We need to create a Druid datasource for interactively analyzing incoming traffic. We have customer requests hitting our systems and each request breaks up into a set of customer services rendered.
For each filter expression, we need to be able to count the number of services rendered and also the number of requests. The following table depicts the data model.
As Druid can only handle flat data structures, we flattened our data into records on service level meaning that Druid ingests one record per service, not one record per request.
This lead us to the issue of how
to count the number of requests, which we handled by having the service-level records contain a unique request-ID which we pass into a hyperloglog unique count which gave us at least an estimate of the number of requests and does the right thing regardless of wichever filter expression a user clicks together.
The issue we now ran into is that we need to let our users perform ad-hoc queries over time ranges of several weeks or even months and we found that queries that are over a hyperloglog count are exremely slow (i.e. a single query takes several minutes to complete).
Now we need a way to fix this somehow and I would like to ask for help and exchange of ideas.
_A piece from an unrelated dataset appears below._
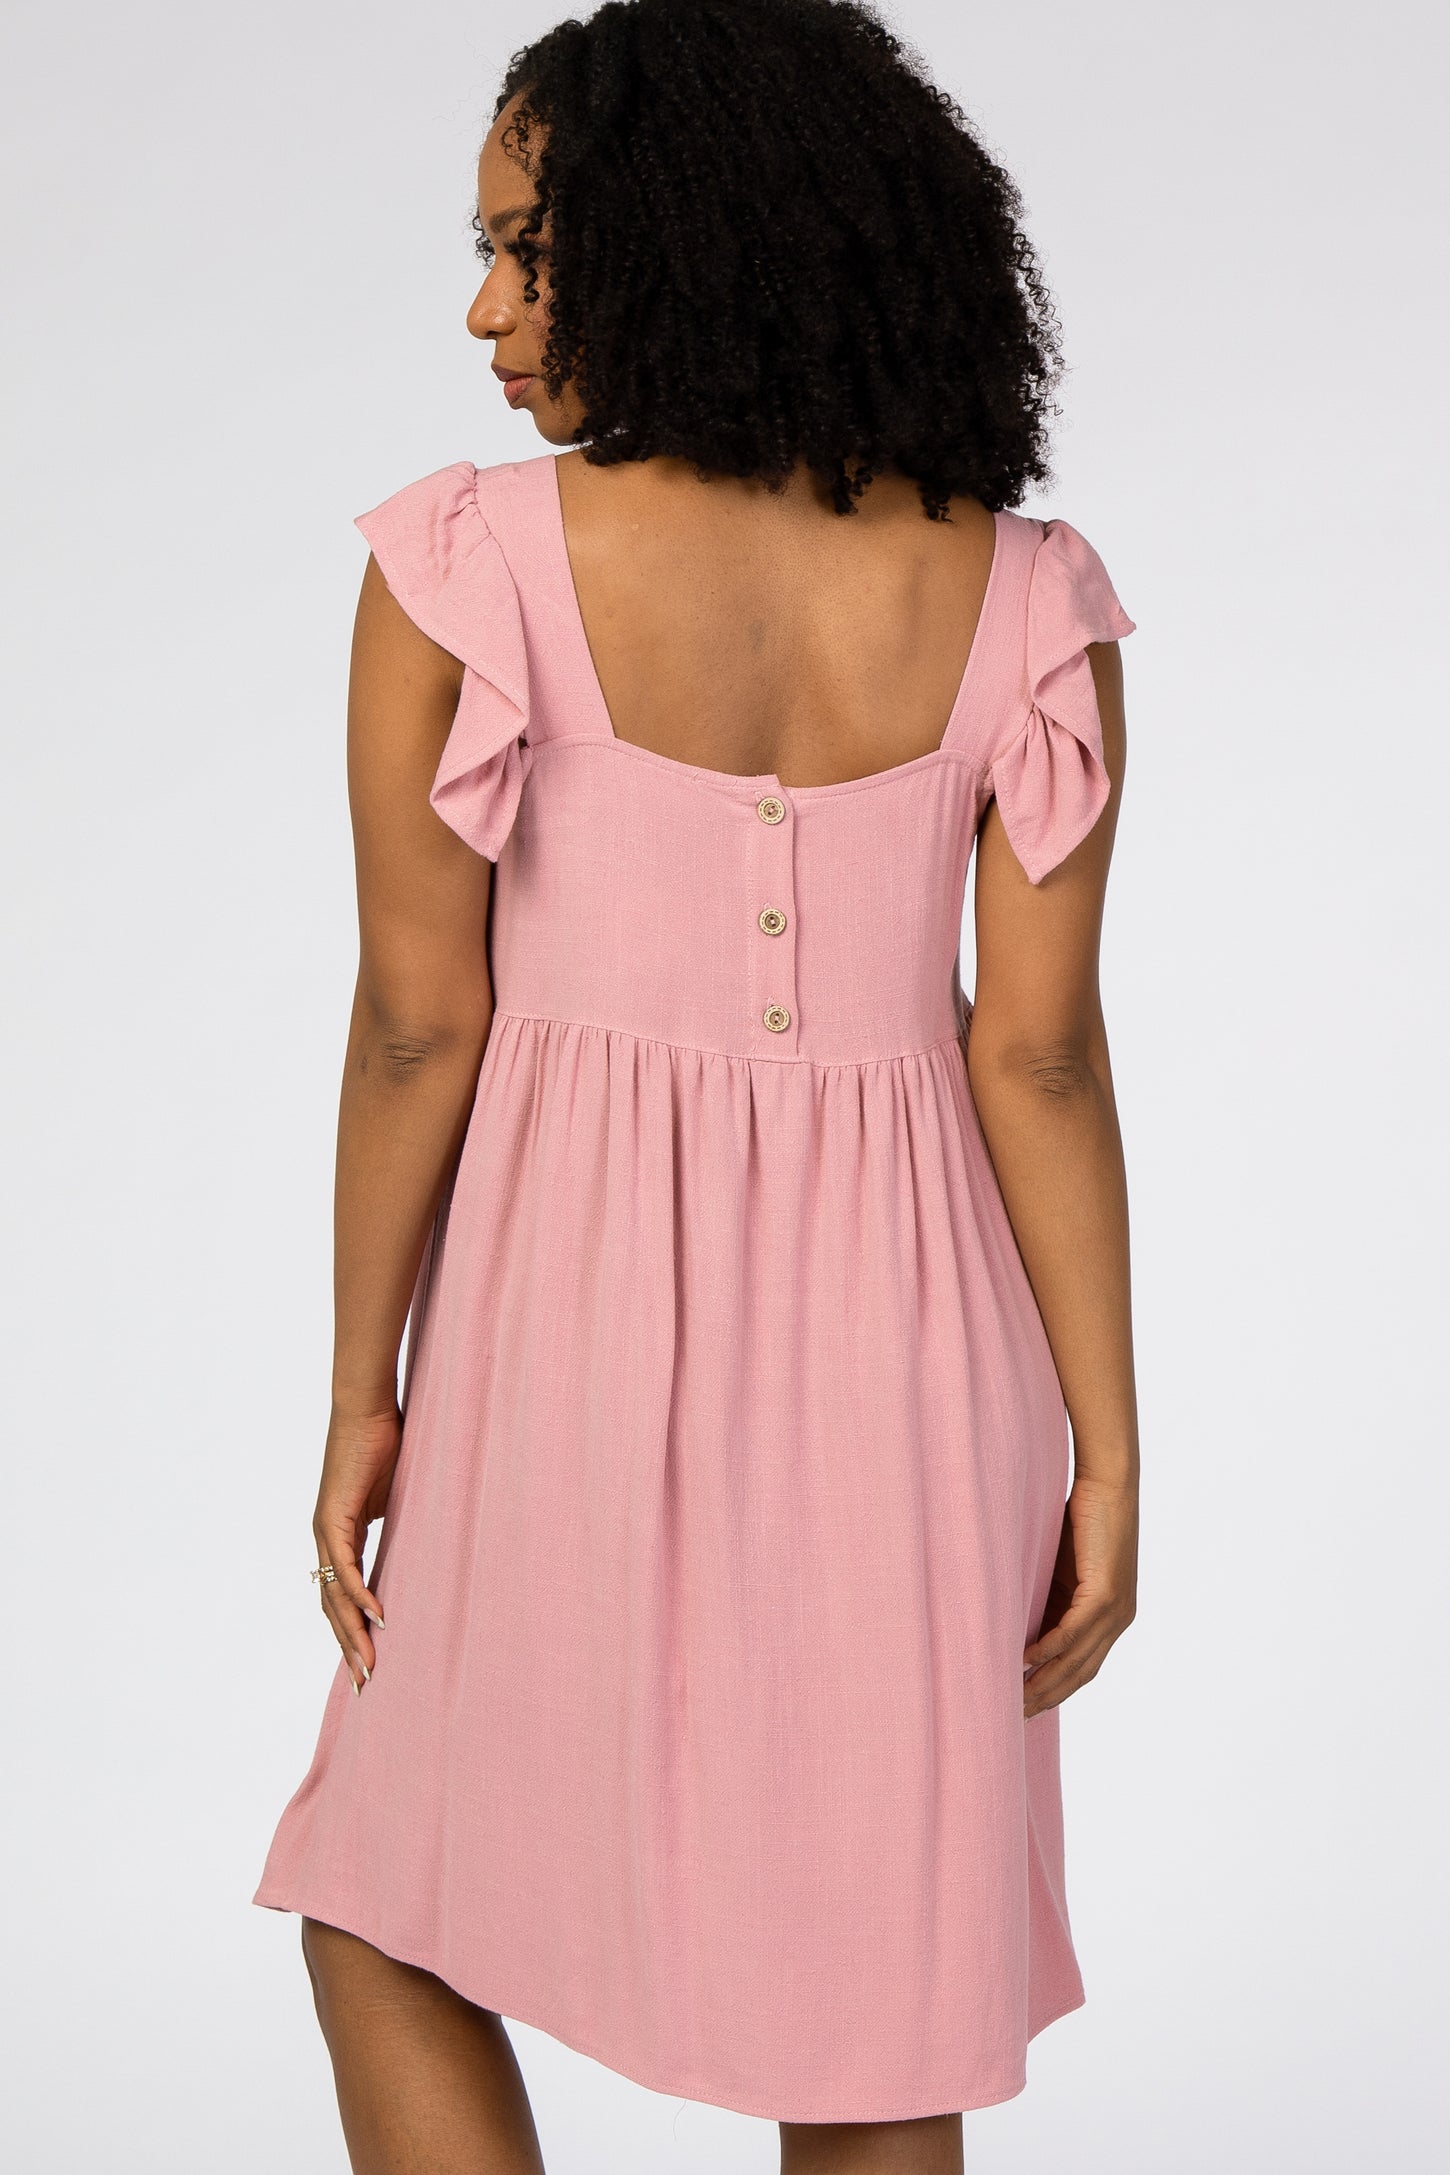 Pink Flutter Sleeve Dress

idea we have is that generally speaking a unique count is a count that must also be able to de-duplicate and this de-duplication must work even
for records that are weeks apart. We have some
of these unique counts for example to count the number of unique users. Obviously, two records that are weeks apart can pertain to the same user and a unique count should only increment by one.
However, for our case, we only need Druid to de-duplicate records within a very small window, basically
only within a segment-partition. If two records are an hour apart in time, they cannot belong to the same request anyways.
So one question would be if it is possible to advise Druid to unique-count within a partition or even a smaller scope and then use a normal count when merging intermediate results and whether it would be reasonable to assume that this might lead to a faster query performance.
would it make sense to use a theta-sketch? Are theta sketches faster than hyperloglogs in situations where faster query latency matters more than resulting data-volume?
Could theta-sketches help to model the stratified, combined unique- and normal counting.
Is there any other way to handle the use-case described?
Any help is much appreciated.